Более двухсот наименований. От называния сразу какая-то плёнка. Эффект «пластиковая упаковка». Блестящее, а может, и жирное. У тебя имён на целую страницу, хоть и крупным кеглем. Не имели имён ни Катя Якунина, ни Тамара Волобуева. Вон как графиня Носова по Фрязину идёт! Поеду в Пушкино, сгори это Фрязево. Я бывал в Апрелевке ещё несколько раз, но по другому делу. Даже не смотрел на правую сторону. Я знал, где её дом. «Эта Танюшка, она немного престарелая. Ну, ничего. Зато о-опытная!» Без горечи, но с язвой явной. Она труднолюбимая, она пробьётся. Что ж, появись, пожалуй, на биеннале, хотя б в тусовке. Да я сам не пойду. Я видела рекламку по телевизору, – такое фуфло. Всё то же самое: стёб – и стёб, и стёб, – и больше ничего. Последняя открытка – детским почерком: «Дорогие Коля и Тамара! Поздравляю вас с Новым годом». С каким? С 80-м, видимо. Из открытки я адрес и узнал. Таковы страсти поворотного пункта. Да, большая часть улетучилась. Стоящее посреди кухни ведро и высыпанный из него рядом на пол мусор символизировали поиск. Верней, анализ. Дневальный, почему мусор на плацу?! Мальчик такой счастливый: он ковыряет в носу. Как сказал бы сейчас старина Балабон – говорю вам по первому разу. Мальчик такой серьёзный: он вынимает занозу. Внимательно выковыривает из пятки. Он – чемпион. Чем он не чемпион? Не надо толкать так бестолково. Там настоящая толпавская битва. Прошёл шестой уровень, потерял пароль. В кэше он вряд ли сохранился.

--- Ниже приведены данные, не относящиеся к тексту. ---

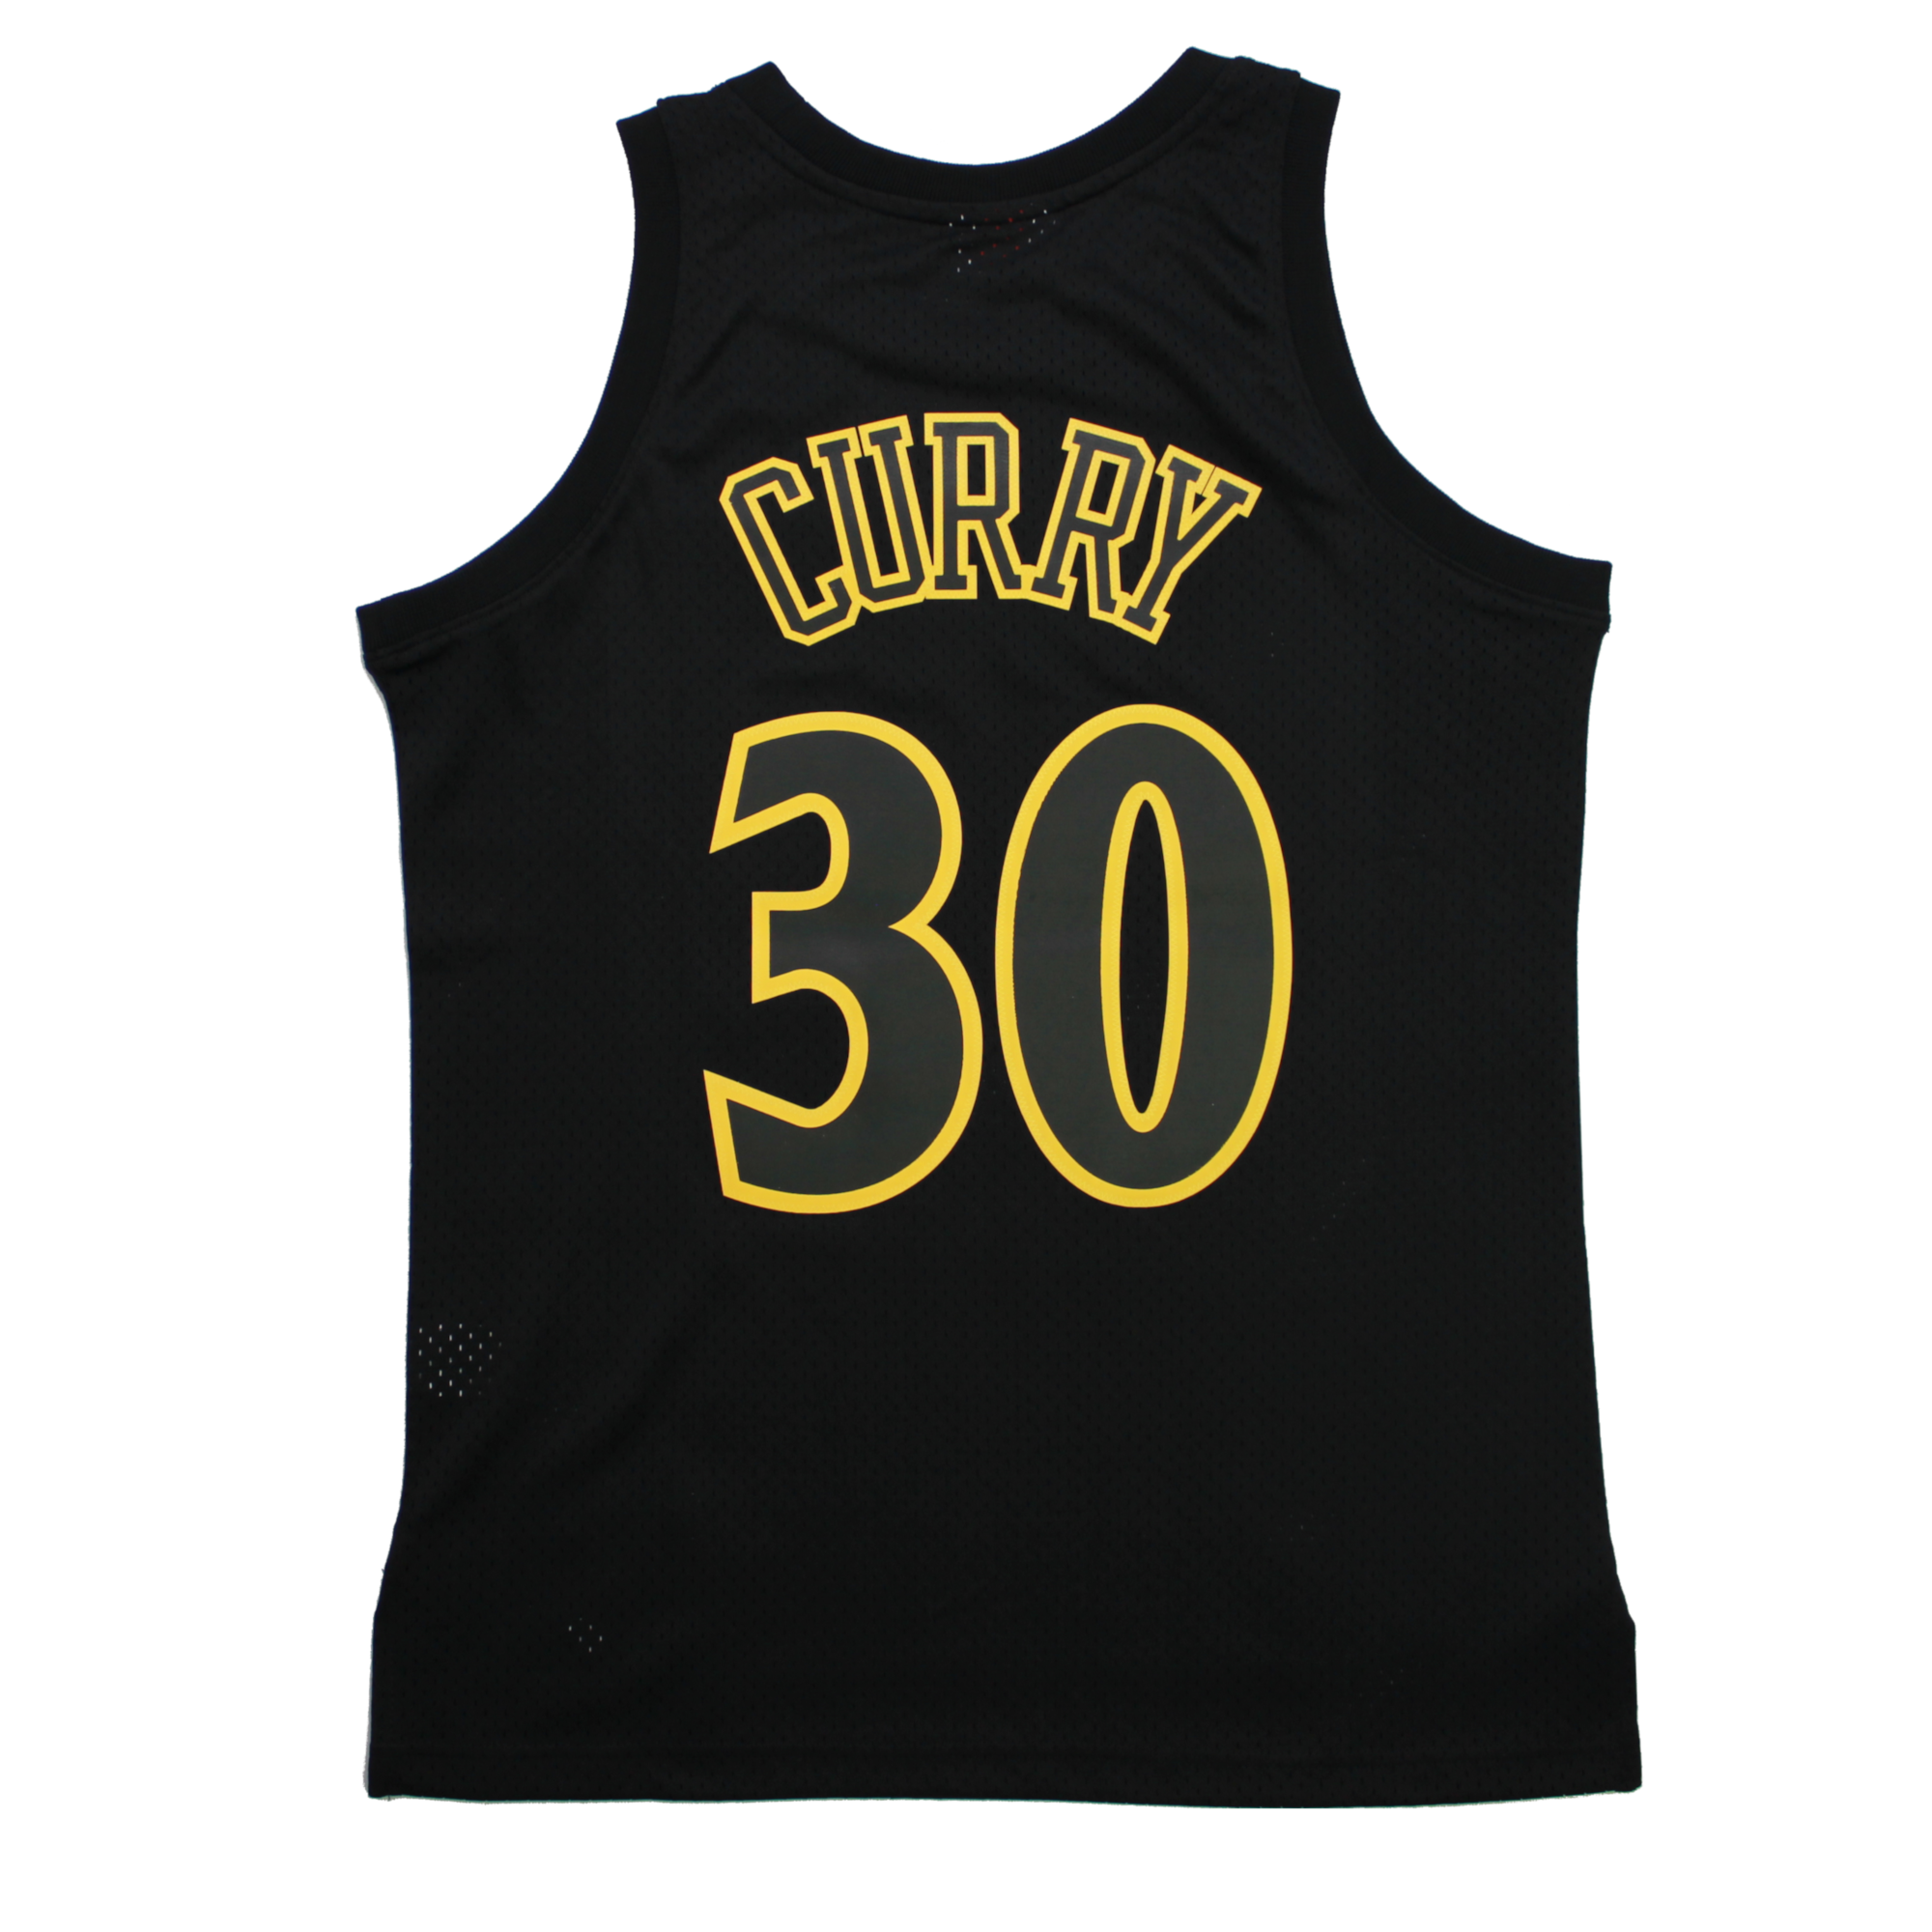 stephen curry jersey and pants

Око как око. Тут как тут. Тет-а-тет. [Кэш как шэк]. Того и гляди: [зуб за буз], а за глаз залг. Скоро, скоро всё это случится: и зубы, и глаз. Этой ночью от тебя полетят клочья. Клочья музыки показывают, что она была тонкой, изящной, экономной. Почти анонимной. Почти нет двойных нот у инструментов. Прозрачная фактура, лёгкий, часто невесомый штрих. Непонятно, почему Шостакович сжёг эту рукопись. Нет особых звуковых эффектов, хотя в расположении аккордов второй темы, с находящейся вверху виолончелью, есть своеобразный изыск. Ты имеешь в виду Девятый квартет? Я забыла номер.
Звон струны неизвестного инструмента. У него и названья нет. Только понятно, что струна. Не духовой. Звяк даже. Спросить у Серёжи. Да он довольно однообразен, сколько лет уже. Может, кому в новинку велеречивые позвонки. Нехорошие мальчишки на разбитом пианино. Пела, пела, а потом легла с Никольским. Капитанская дочка. Мы встретились в Театре на Таганке. Должен был идти «Марат-Сад». Но дальше подъезда наша встреча не описана. Большая часть улетучилась. Таковы страсти поворотного пункта.
Небесный свет в неё проник. Золотой дождь. Она зачала? – я не помню. Ну, наверное. Иначе к чему всё. А потом Олимпия. Лимонов о ней хорошо написал в тюрьме. В тюрьме? Мане тоже полезно было бы посидеть в тюрьме. Не типа Бреннера, а типа Селина. Так многие считают. СчитаЛИ. А как бы она смотрелась у Гельмана на близлежащем биеннале! Типа Дубоссарского. Небесный свод в неё пролит. Ты так думаешь? Я всё время плачу. Уехал на дачу и плачу. Я не понимаю, что со мною. Хочешь обратно деньги – вот изволь получить с нуля.
Они называют себя интеллектуалами. Осмоловский осмысляет мусульман. Назови меня как-нибудь. А того, дурень, не понимает, что след от него по мягкой тундрё совсем лживый. Как от какого-нибудь Вилли Мельникова. Наклейка «sport» на лыжной палке должна, видимо, означать, что лыжи принадлежат спорту как категории. Но остаётся загадкой – зачем это обозначать и для кого? – Для поддержания привычки, чтобы категория не распалась. Но кому это нужно, кого это заботит? Распалась бы – и чёрт бы с ней! Или это есть такие категории, которые кому-то нужно искусственно поддерживать зачем-то? Вот и загадка, повторяю: кому и зачем?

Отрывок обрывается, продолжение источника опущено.